Karen Kotte (died 6 July 1591) was a Danish merchant, who helped fund the Danish crown with supplies during the Northern Seven Years' War.

== Life ==
Karen Kotte was born into one of the most prominent trading families in Odense. She was the daughter of the mayor of Odense, merchant Jørgen Nielsen Kotte (died 1584) and Kirsten Peder Christophersdatter (died 1583). She was married to merchant Claus Mikkelsen (died 1572). She had two daughters.

During the Northern Seven Years' War, she, along with Oluf Bager and Hans Mule, financed the Danish military with war goods on credit and as a result, fared much better than other merchants in the aftermath of the war.

In 1572, she hosted Ulrich, Duke of Mecklenburg and his retinue while they were travelling to his daughter, Sophie of Mecklenburg-Güstrow's wedding to Frederick II of Denmark. Kotte received the highest compensation from the duke among all the hosts of his trip. In comparison, Kotte's father received the second highest amount, which was only half of what Kotte received.

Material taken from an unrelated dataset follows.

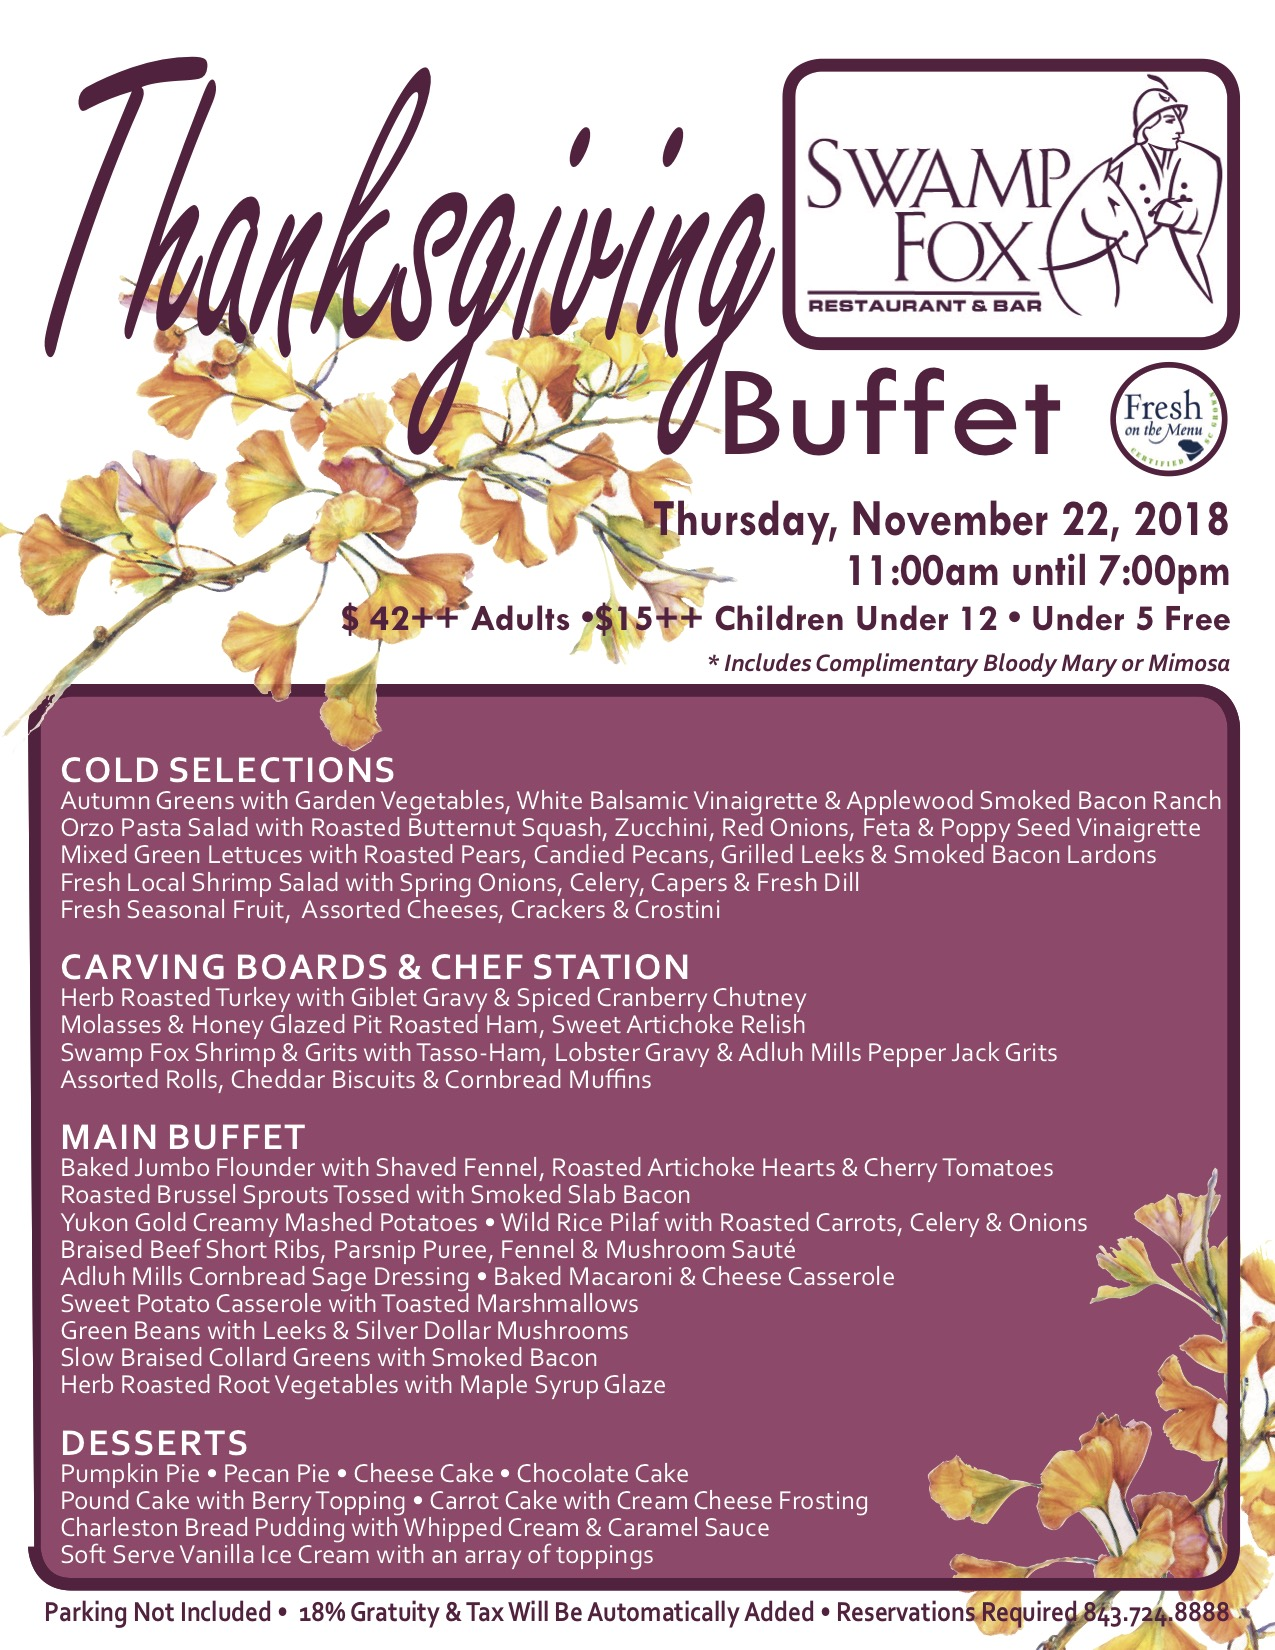 SF-Thanksgiving-Day-2018-8.5x11.jpg

Kotte used her farm as a debtor's prison, where inmates stayed at their own expense and had to remain until their debt was paid off.

Kotte died on 6 July 1591. After her death, a dispute over inheritance arose between her son-in-law Christoffer Bang and her other heirs. He alleged that Kotte had prevented his wife and her daughter Kirstine from accessing her inheritance from her father. As well as that, the other heirs had borrowed money from Kotte and failed to repay it before her death. The king had to intervene repeatedly, ordering them to appear before a magistrate and either reconcile amicably or have the magistrate settle the dispute.